The entire process is known as Ohm's Law, which has three components.

Ohm's Law

In its basic formula, you have three qualities that are necessary to describe a functioning electrical circuit:

  1. I, which represents the current in amperes
  2. V, being the voltage powering the circuit
  3. R, the resistance

By having two of the three figures, the third one is always obtainable by applying Ohm's Law, which states that I = V / R. Inversely you can also determine the values of V and R: V = I x R and R = V / I.

Resistors have been used in electrical applications since their beginnings, and, with the miniaturization of electronics, they have taken on a whole new importance when operating in conjunction with the large number of transistors found on integrated circuits. To know the resistance of a particular device, for larger applications a multi-meter is very practical.
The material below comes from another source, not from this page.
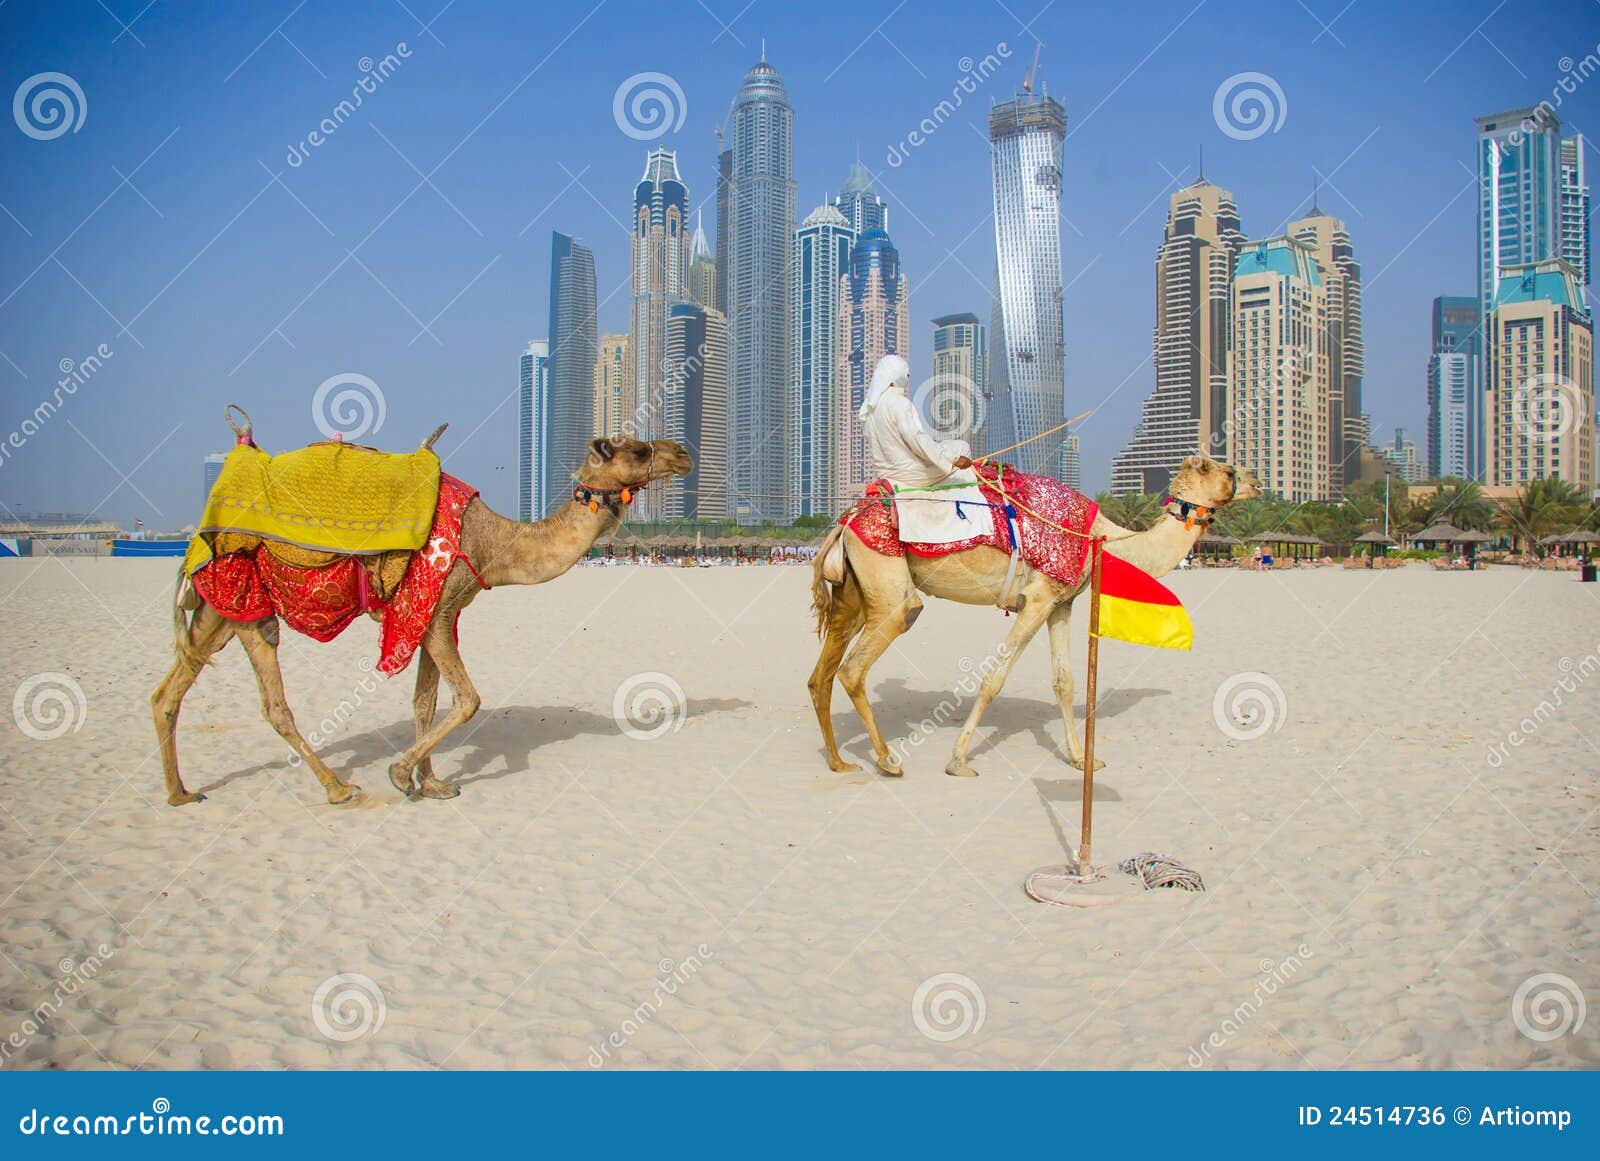 骆驼 动物 迪拜 - Pixabay上的免费照片 - Pixabay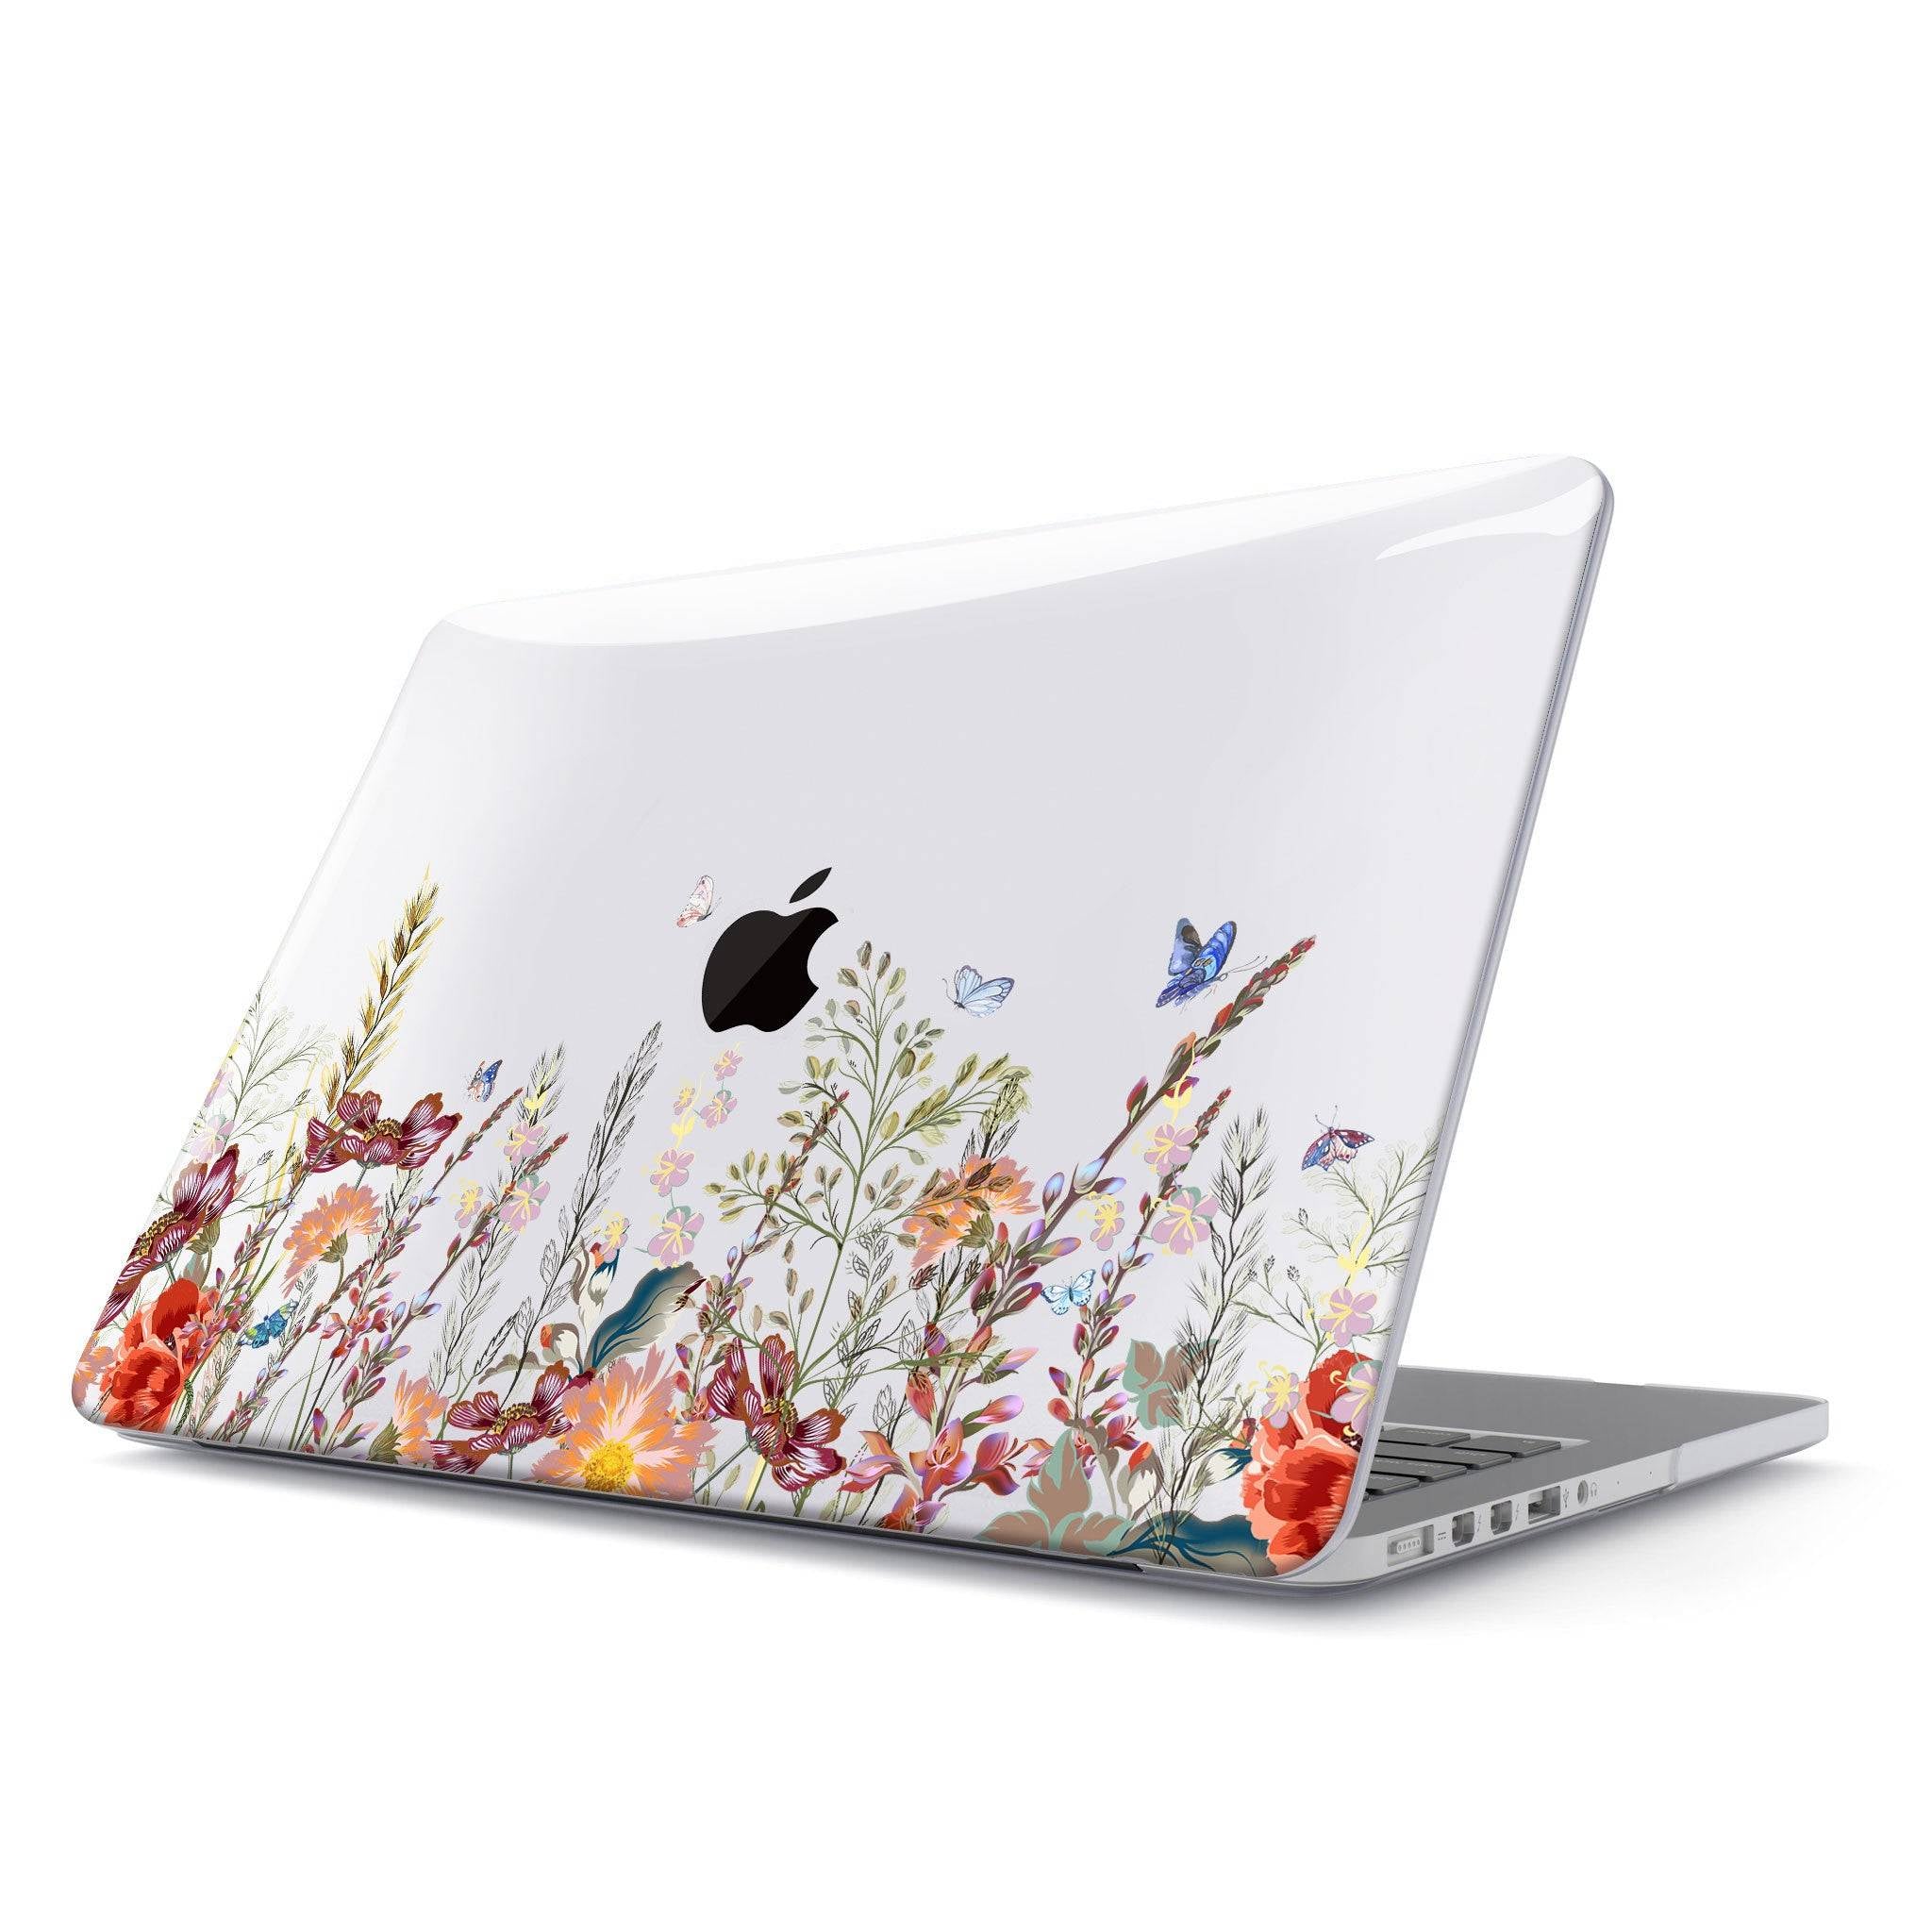 Butterfly In Flower Macbook case

It gives you volts AC and volts DC, as well as impedance, also known as resistance in ohms.

Resistor color code

If you are able to physically access the resistor itself, there is a second method of calculating its resistance, a very handy color code that will tell you what the given properties of a resistor are.

The discoverer of the principles behind Ohms Law

He was none other than Herr Georg Simon Ohm, born in Bavaria in 1789 during an age of great physics discoveries. His father, a self-taught craftsman, took great pride in educating his children, bringing them up in a very secure intellectual environment and teaching them mathematics, philosophy, chemistry and physics. Georg, at the tender age of 17, became a mathematics teacher in Switzerland, where he continued his studies at the same time, receiving a doctorate in mathematics in 1811 at age 22. Upon reaching that milestone, he joined the university staff as a lecturer.

From there, he joined the Jesuit Gymnasium in Cologne, as it had a reputation as having one of the best-equipped laboratories in Europe. By the early 1820s, he had started his own experimental work in the new field of electromagnetism there.

By this time he had already concluded that the mathematical relationship between current, voltage and resistance was an unalterable physical law like gravity.

His first paper dealt with the resistance encountered by current traveling through a wire: the bigger the wire, the less the resistance. By 1826 and 1827 he had laid the groundwork for what would eventually be called Ohm's Law in his book Die Galvanische Kette, mathematisch bearbeitet (.pdf), wherein he mathematically explains the theory of electricity.